算法|2021APMCM赛后总结——边缘检测算法|图像处理

APMCM被称为小美赛，和美赛一样使用英文提交论文，比赛时间又在国赛后美赛前，因此很适合作为MCM的热身赛。
第一次参加这种正规比赛，而且是英文写作，作为对美赛的预热，花四天时间提前演练一下是很有必要的。在日常上课和（几乎）按时休息的条件下，最终，我们队能够拿到二等奖，算是比较满意了。
赛前准备 APMCM四天时间，而期间有部分期中考试，因此对时间的把握很重要。我们提前半个月寻找讨论地点，在排除了书店、咖啡厅及教学楼之后，我们选择了图书馆总馆的学习研讨空间。从早上八点到晚上十点，期间在登高路恰饭。
我们主要看了往年题目，学了一点点建模技巧，然后买了美赛和Matlab的相关资料。将讨论地点选在图书馆也有这样的考虑：遇到跨专业问题时能够及时翻阅到相关资料。
比赛时 2021年亚太赛里,A题有关边缘检测，涉及图形图像处理；b题跨专业程度大，不考虑；c题传统数据处理。刚好我们手边有冈萨雷斯的《图形图像处理》，而我又恰好看了关于边缘检测的一节，于是我们选择冲一冲A题。
比赛持续四天。
第一天图书馆闭馆之后，我们借用了信息院的会议室工作到凌晨一点。
后来发现通宵效率不高，之后便统一早八晚十，之后各自回寝室整理工作。
虽然大方向在第一天就已经确定了，但代码的实现还有部分功能复现还是走了一些弯路。
关于资料：我选择的是知网和同方，遇到问题有CSDN和mathwork，总的来说，这道题比较难上手，但比较对我们组的方向。
还有的话，蕾娜图真是拿都在用，我已经见过无数个版本了。
现就问题A简述我们当时对边缘检测问题的思考与分析：
2021APMCM问题A 问题背景
Problem A
Image Edge Analysis and Application
With the development of science and technology, the demand for measurement accuracy of various workpieces and parts is getting higher and higher, and the requirements for measurement instruments are also getting more and more demanding. Various image measuring equipment such as digital image size measuring instrument are now gradually replacing the traditional manual caliper measurement application. Generally, after the camera is calibrated, based on the the dot matrix or checkerboard feature information of the calibrated image, the image can be corrected for distortion and the mapping relationship between the image coordinate space and the world coordinate space can be calculated.

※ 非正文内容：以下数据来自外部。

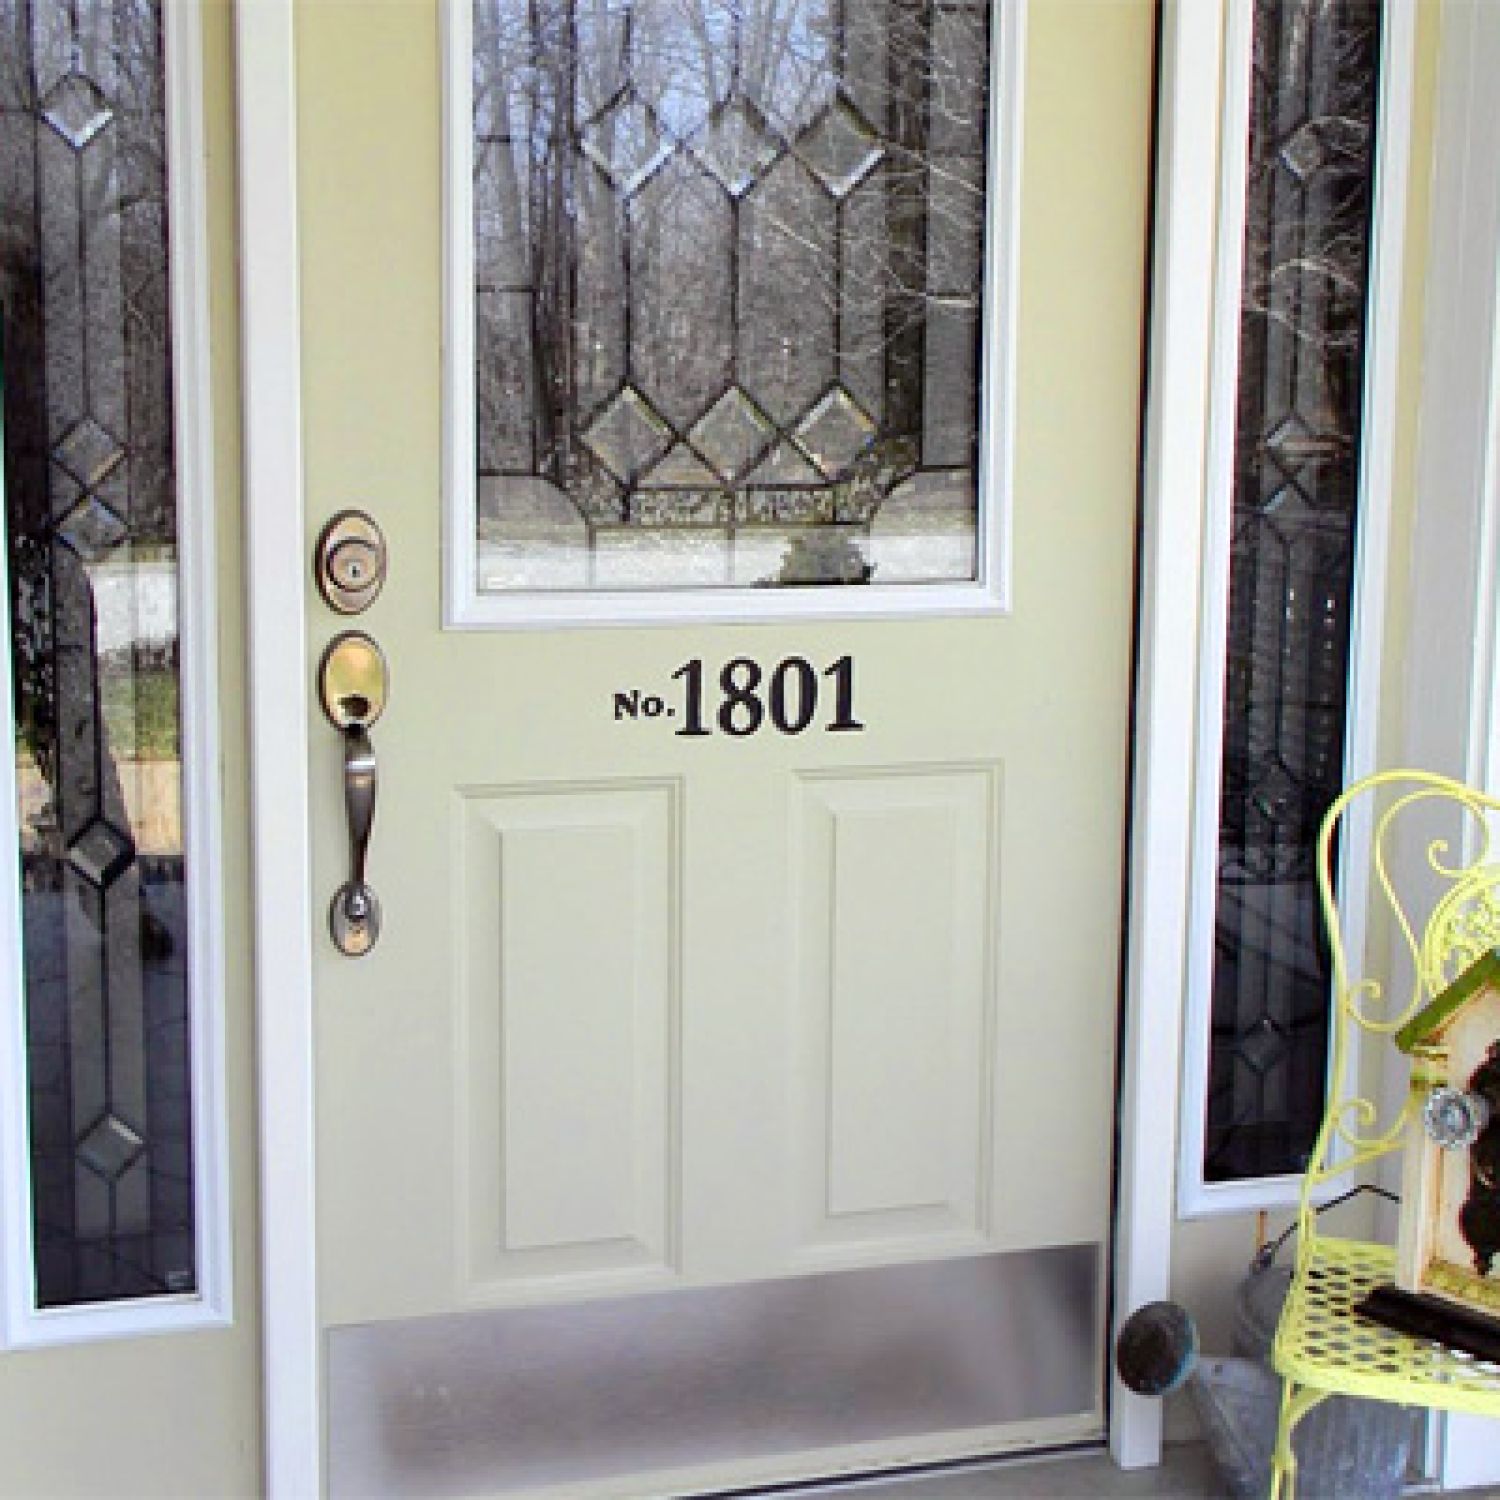 New Steel Entry Door | Value of Home Improvements
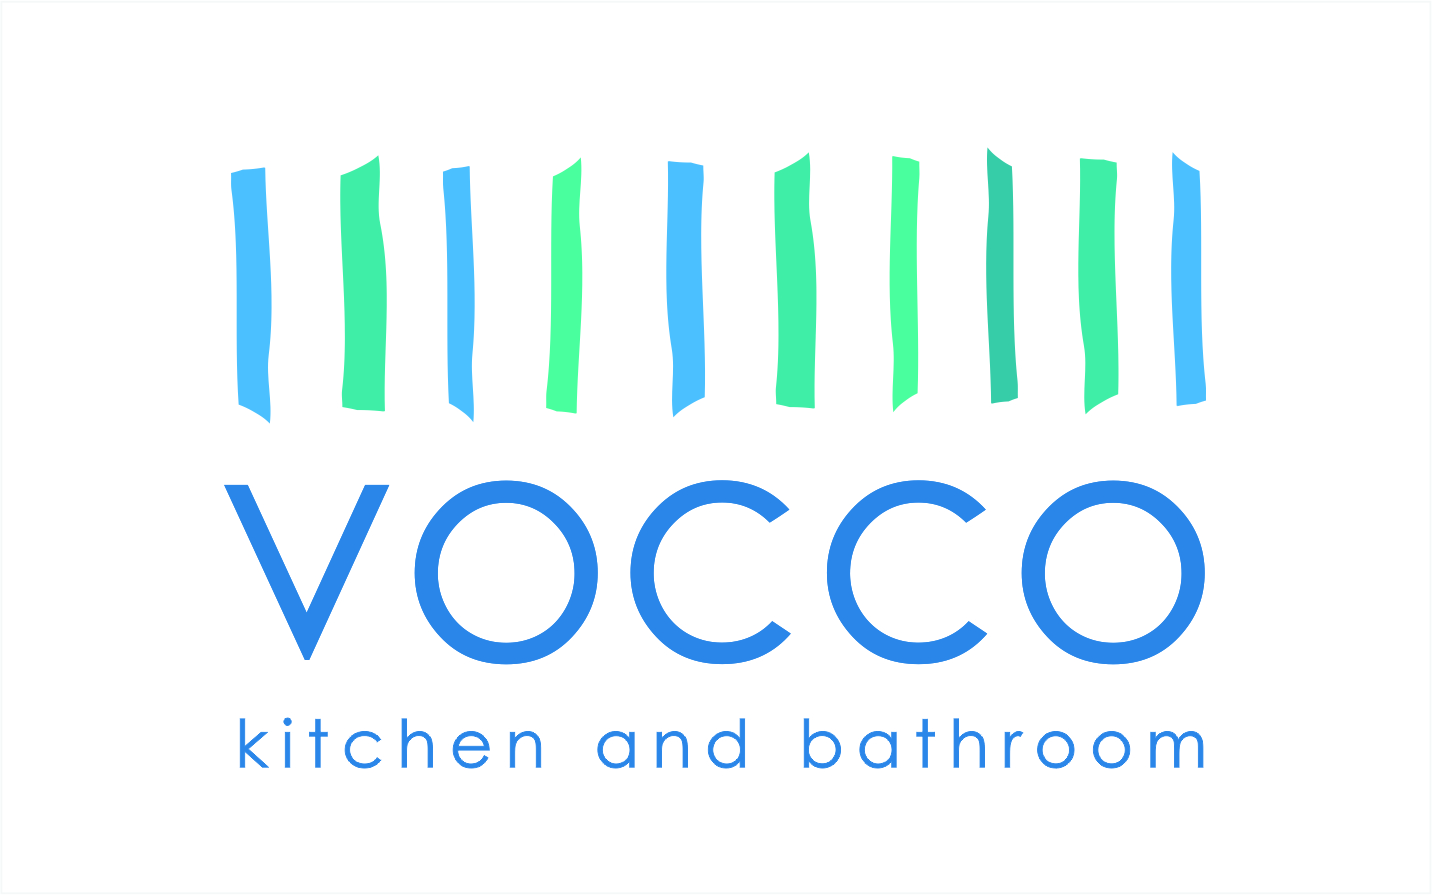 Vocco Kitchen and Bathroom Łukasz Radkow

The edge of the target object is very useful for image recognition and computer analysis. Image edge is the reflection of discontinuity of the local characteristics of an image. The edge can outline the target object and make it clear to the observer at a glance. The edge contains rich intrinsic information (such as orientation, step property and shape, etc.), which is an important attribute for extracting image features in image recognition. Image edge contour extraction is a very important processing in boundary segmentation and also a classical problem in image processing. The purpose of both contour extraction and contour tracking is to obtain the external contour features of an image. Applying certain methods where necessary to express the features of the contours to prepare for image shape analysis has a significant impact on performing high-level processing such as feature description, recognition and understanding.

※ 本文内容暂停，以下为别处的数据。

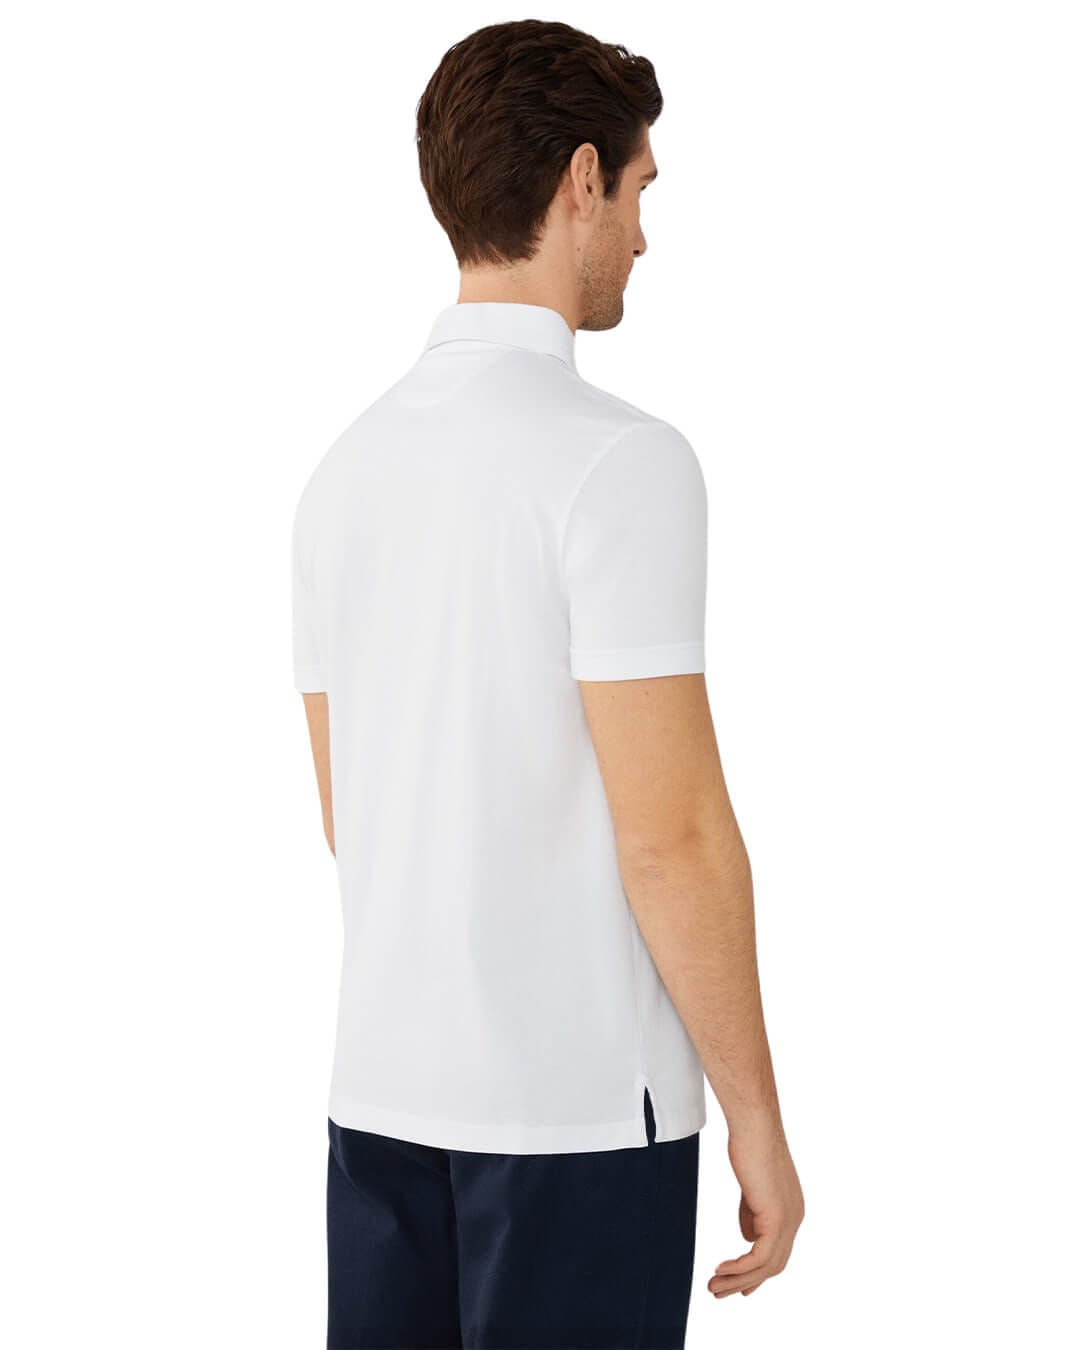 Hackett Polo Shirts Hackett White Pima Cotton Polo Shirt
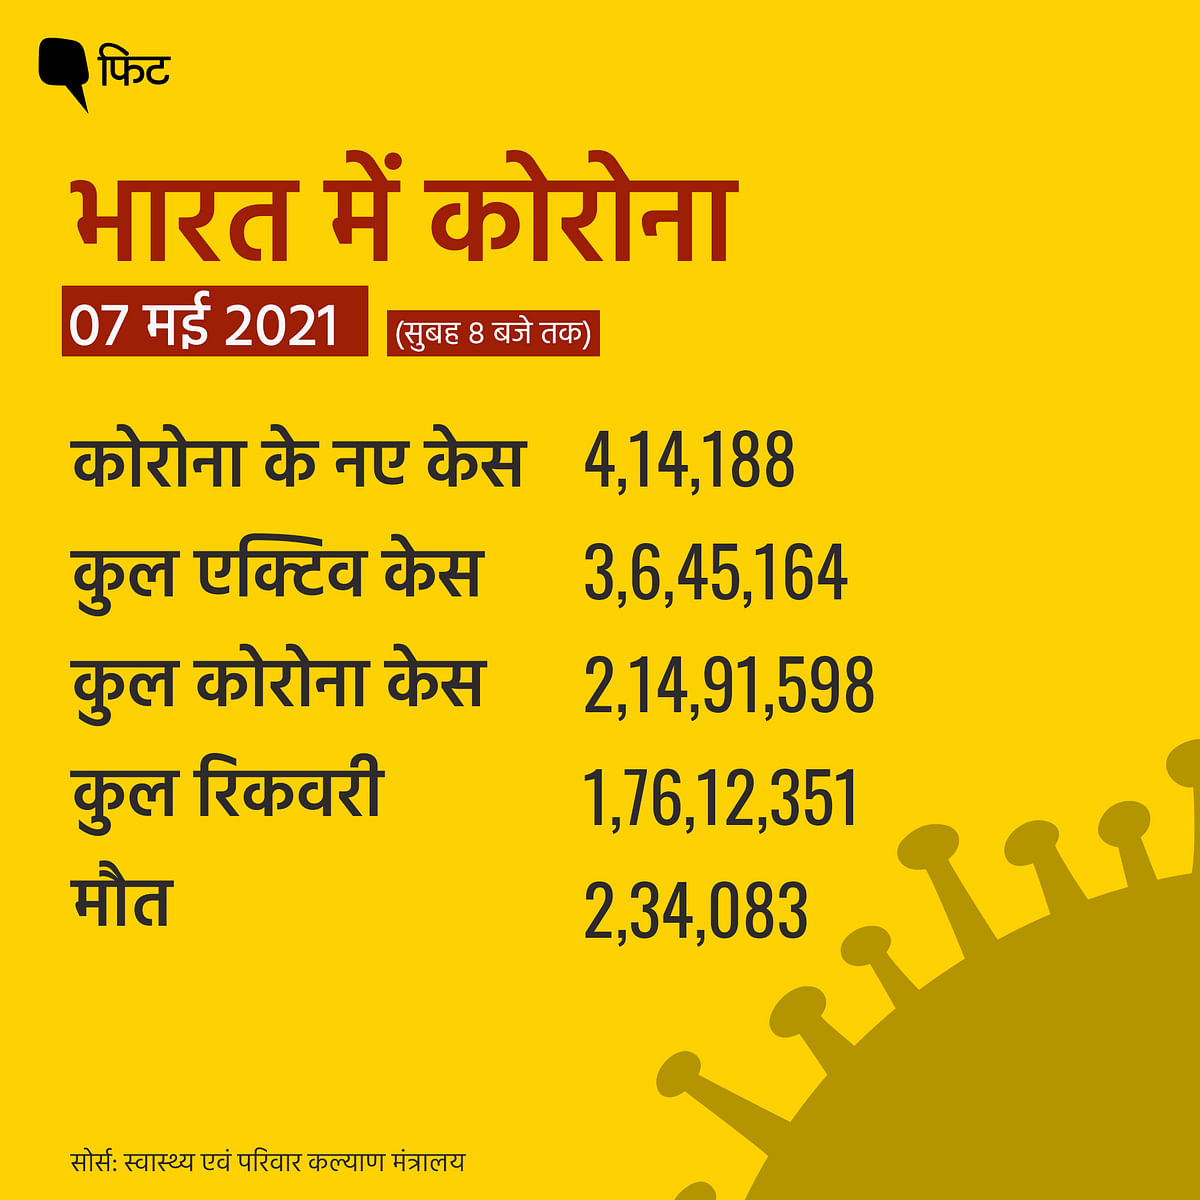 भारत में लगातार दूसरे दिन कोरोना के केस 4 लाख के पार पहुंच गए.

The contour can be described as a set of ordered points, and the common expression of the contour is a polygon. Contours can be either closed or open. The closed contours on an image are all connected start to end, and the open contours generally intersect with the image boundary. In Figure 1, there are five closed contour curves. Although edge detection algorithms such as sobel and canny can detect the image edge pixels boundary based on the difference of image gray value, it does not take the contour as a whole. On an image, a contour corresponds to a series of pixel points. The contour describes a continuous sequence of points, and the edge pixel points can be assembled into a contour curve to describe the edge information of the image.
A sub-pixel is a virtual pixel defined between two physical pixels of an image acquisition sensor. To improve resolution or image quality, sub-pixel calculation is very useful. Image sub-pixel edge extraction is a more accurate method than traditional pixel edge extraction. Sub-pixel means that the coordinate value of each pixel point on the image is no longer integer positioning, but floating-point number positioning. If the accuracy is increased to 0.1 pixel using subpixel technique, it is equivalent to 10 times higher resolution of image system analysis.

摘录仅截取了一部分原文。